The closed Trotter Manufacturing Company millwork plant on East 21st Street.

Additional industrial growth materialized along Evergreen Avenue’s streetcar line on the west side of Longbranch during the 1920s. In 1923, Florida Metal Products Inc. was founded by Lee B. Jones to manufacture metal cup and gutter products for the turpentine industry. This company is known as FLAMCO and is now located on the city’s westside. Established in 1937, Ferber Sheet Metal Works continues to operate out of FLAMCO’s original location. M.D. Trotter’s Trotter Manufacturing Company opened just west of Evergreen Avenue and East 21st Street in 1929. Trotter manufactured millwork for many decades. Millwork produced by Trotter still exists in iconic sites such as the Independent Life (Wells Fargo Center) and Gulf Life (Ameris Bank) towers in downtown.

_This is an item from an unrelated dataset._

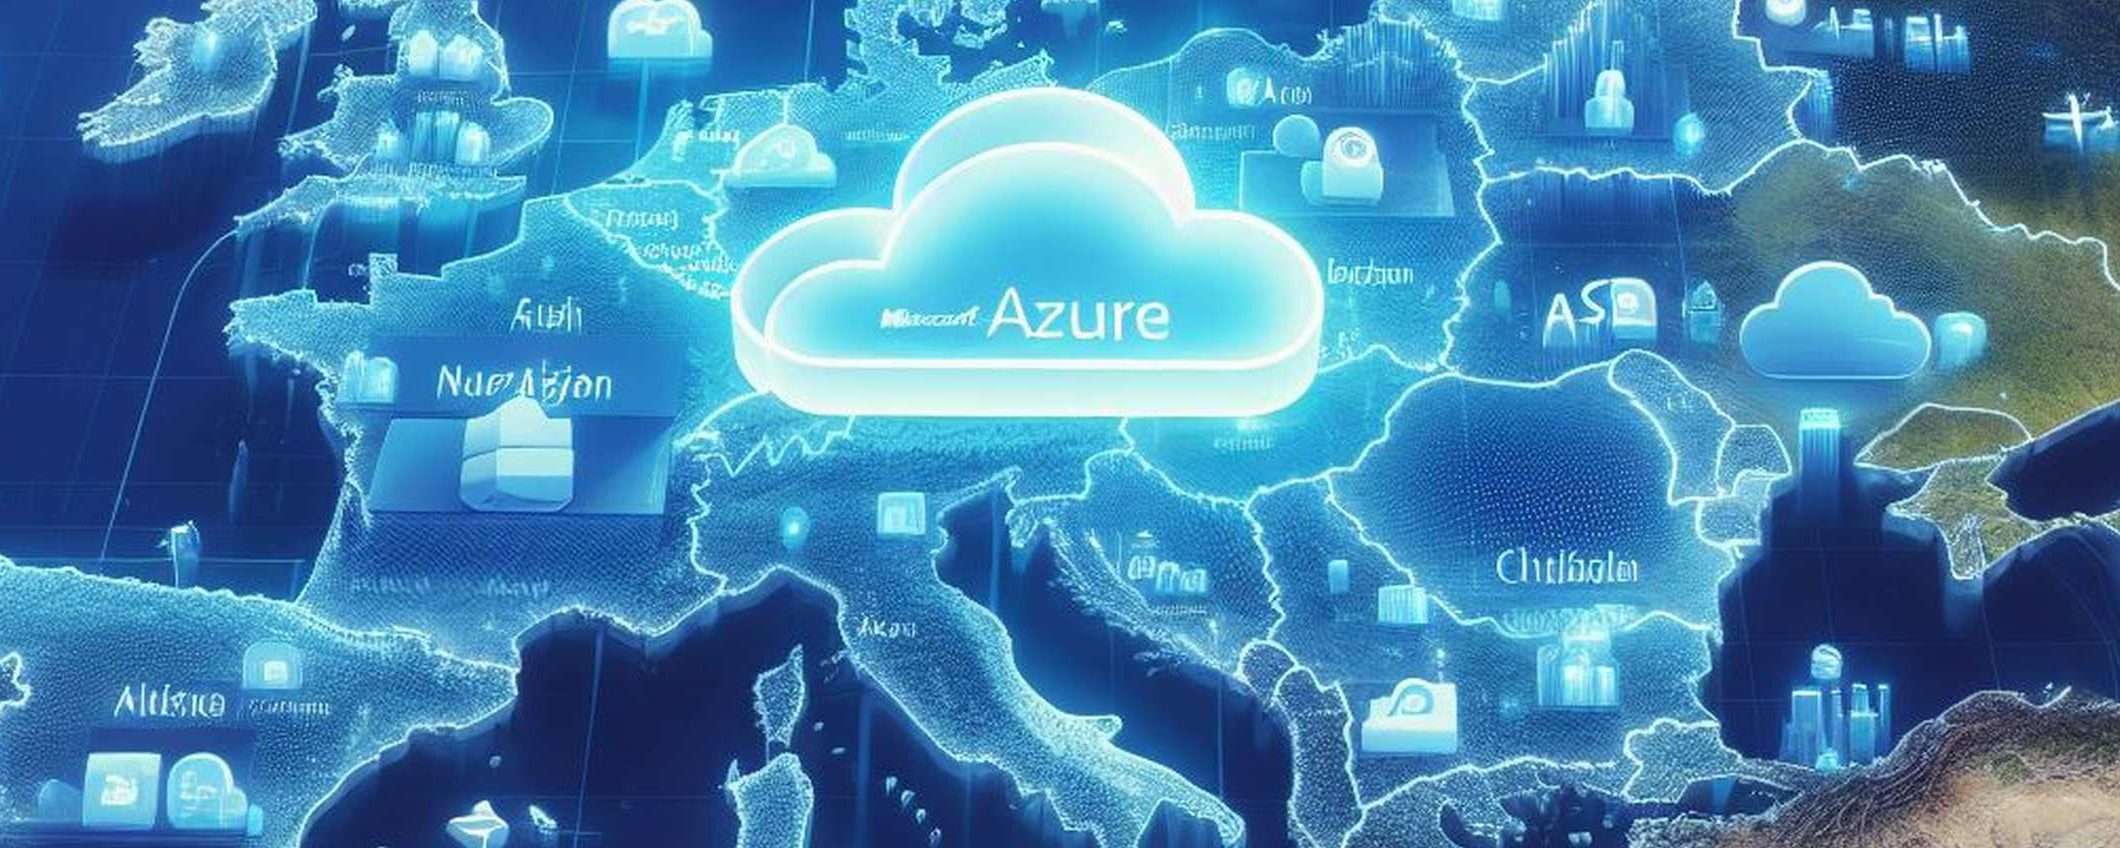 Microsoft Cloud: tutti i dati rimangono in Europa
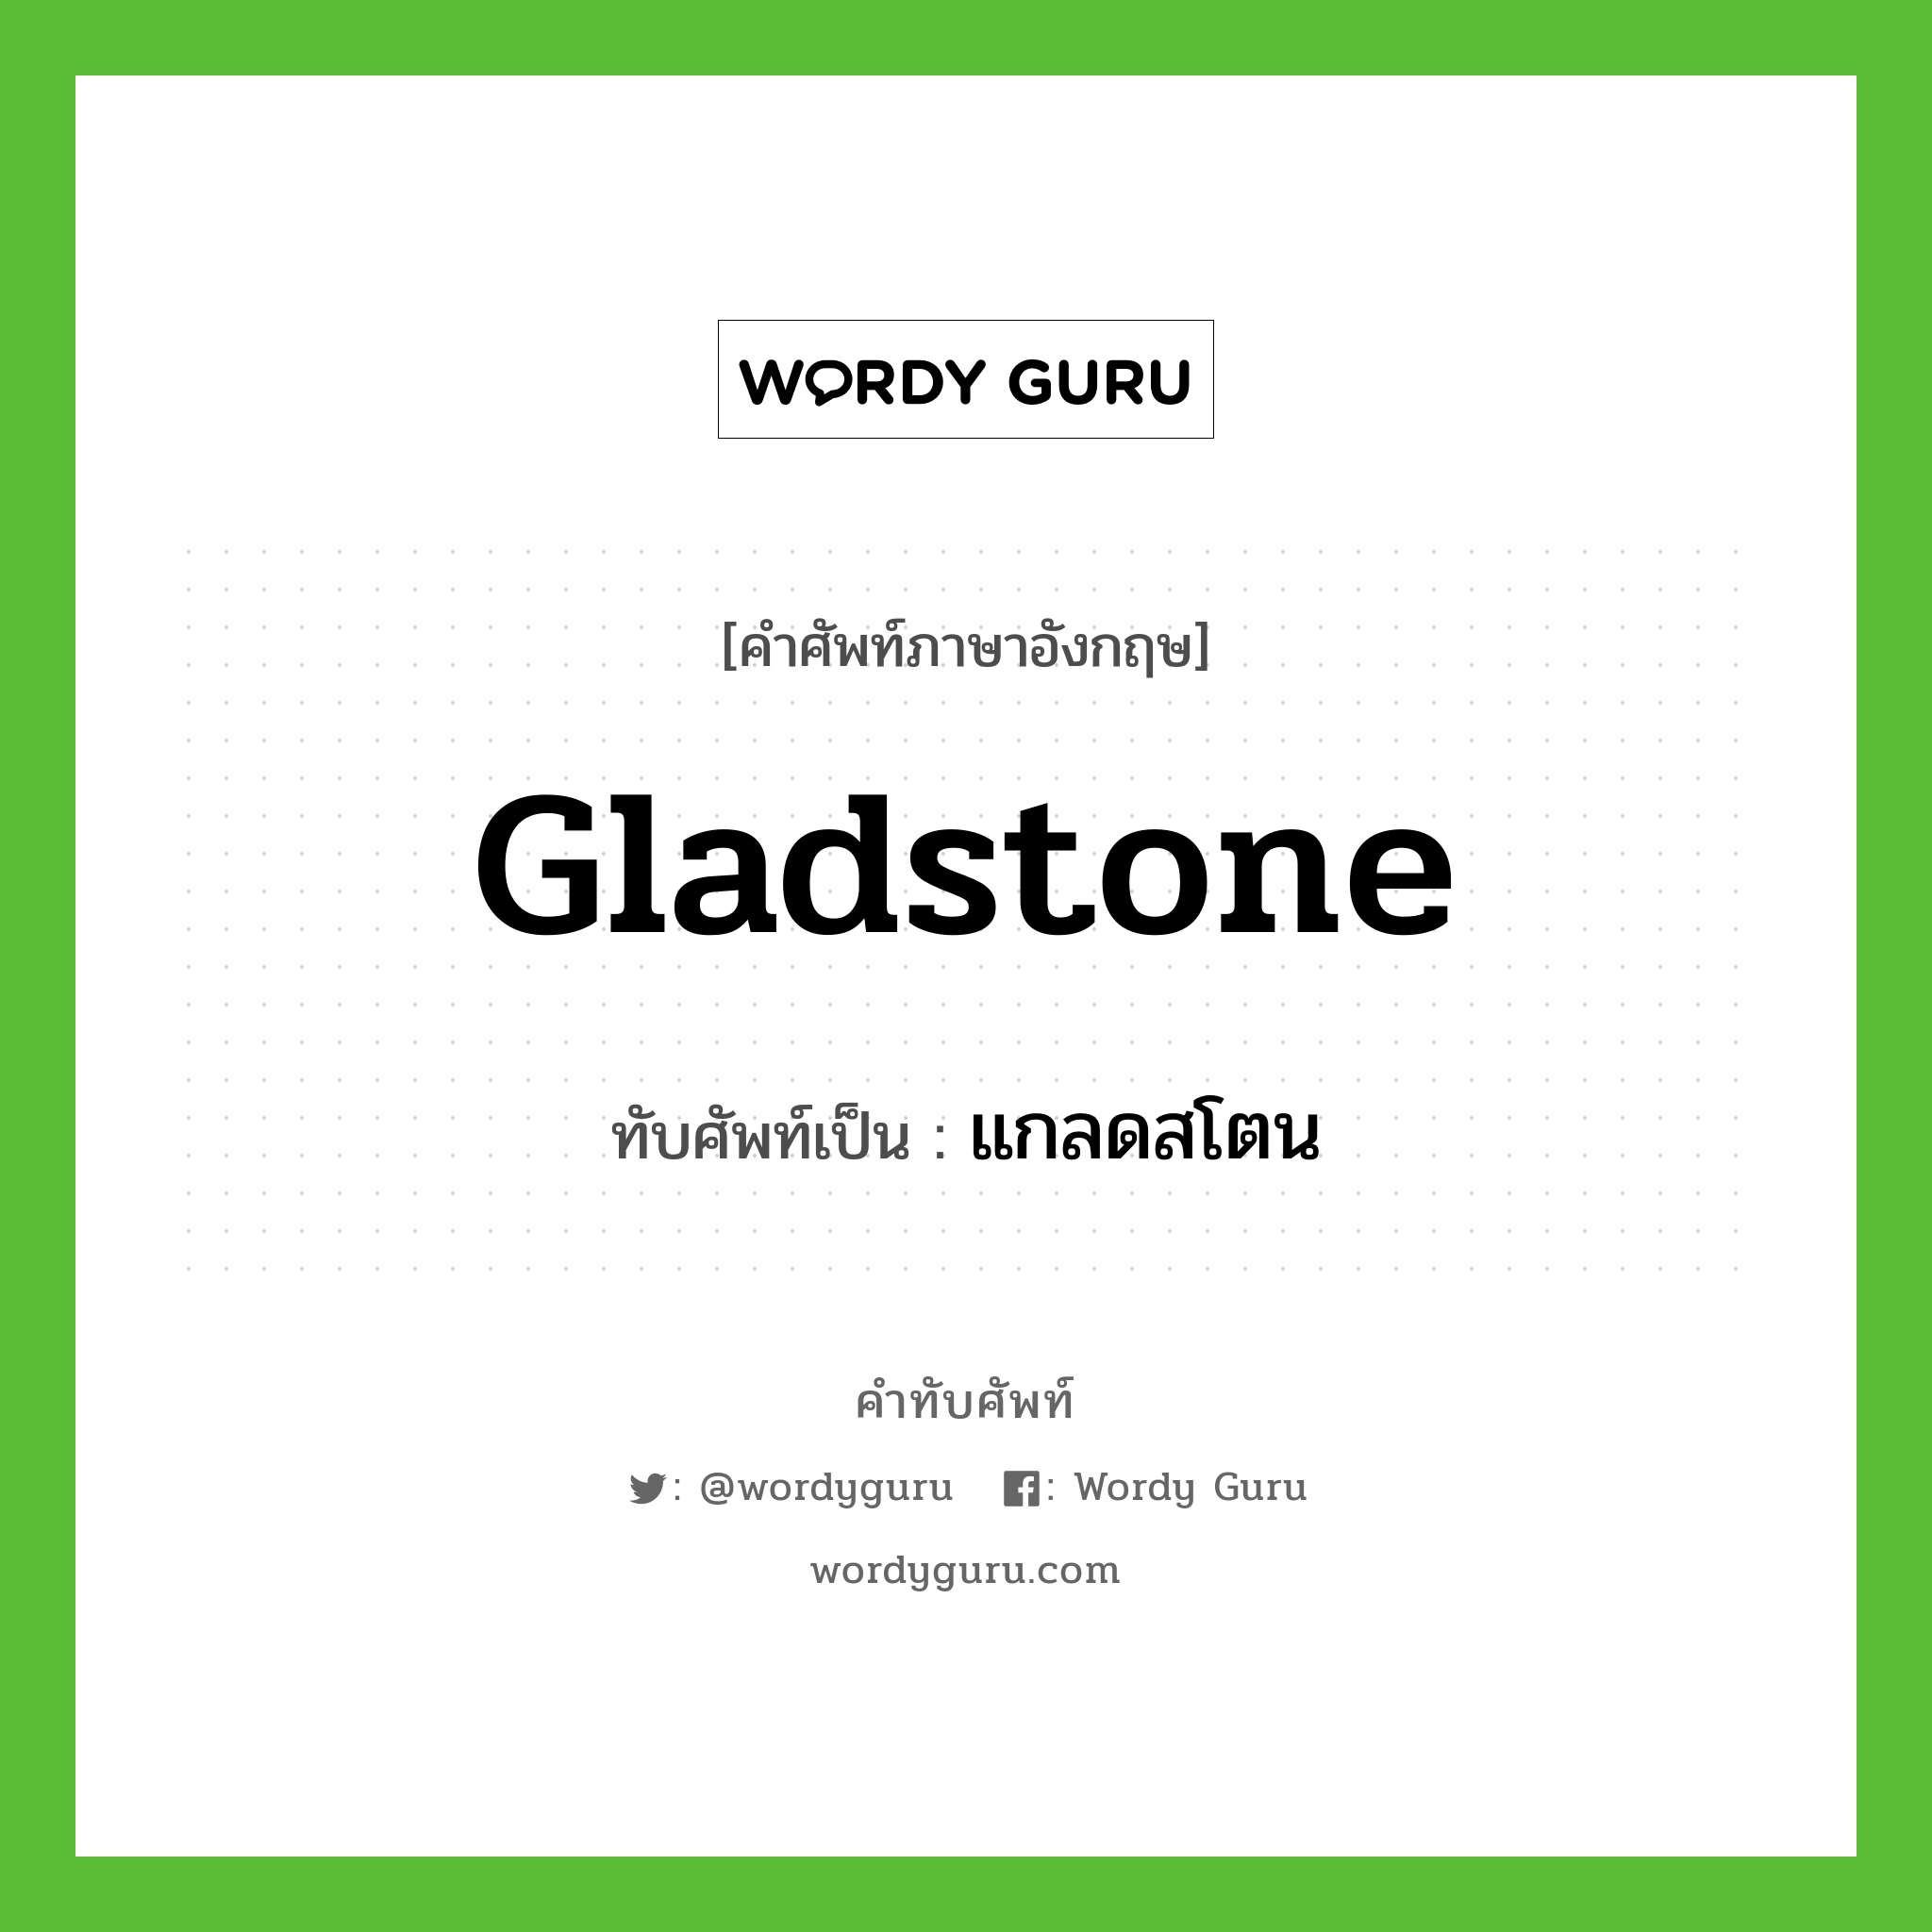 Gladstone เขียนเป็นคำไทยว่าอะไร?, คำศัพท์ภาษาอังกฤษ Gladstone ทับศัพท์เป็น แกลดสโตน

The Longbranch Elementary School was completed in 1917.

Anchored by industry on all sides, Longbranch quickly filled in as a residential community dominated by modest frame houses and small masonry churches. To facilitate the growing population, Longbranch Elementary School (Public School 106) was built in 1917. After the streetcar line closed and automobile/truck travel became dominate, East 21st Street emerged as the neighborhood’s major thoroughfare, providing direct access from several northside neighborhoods to JAXPORT. During the 1960s, Longbranch became on of the city’s earliest neighborhoods to be negatively impacted by expressway construction with the conversion of two residential streets into the 20th Street and Haines Street expressways. Combined, they provided a limited-access route from the Gator Bowl to the then rapidly growing suburbs of Northwest Jacksonville. In 2001, the expressways were renamed Dr. Martin Luther King, Jr. Parkway to honor the late civil rights leader.

Located at 3333 Franklin Street, the First Samuel Missionary Baptist Church building was completed in 1954.

Today, Longbranch survives as a working-class inner city neighborhood where industry and residential uses are located side-by-side. Despite the loss of building fabric with the recent expansion of an interchange with Dr. Martin Luther King, Jr. Parkway, East 21st Street is still known as a corridor lined with hole-in-the-wall soul and seafood restaurants serving area residents and workers. For anyone in search of Jacksonville’s true traditional working class identity, Longbranch is a neighborhood worth visiting.

Inside East 21st Street’s Soul Food Express Restaurant.

JAXPORT’s headquarters near the intersection of Talleyrand Avenue and East 21st Street.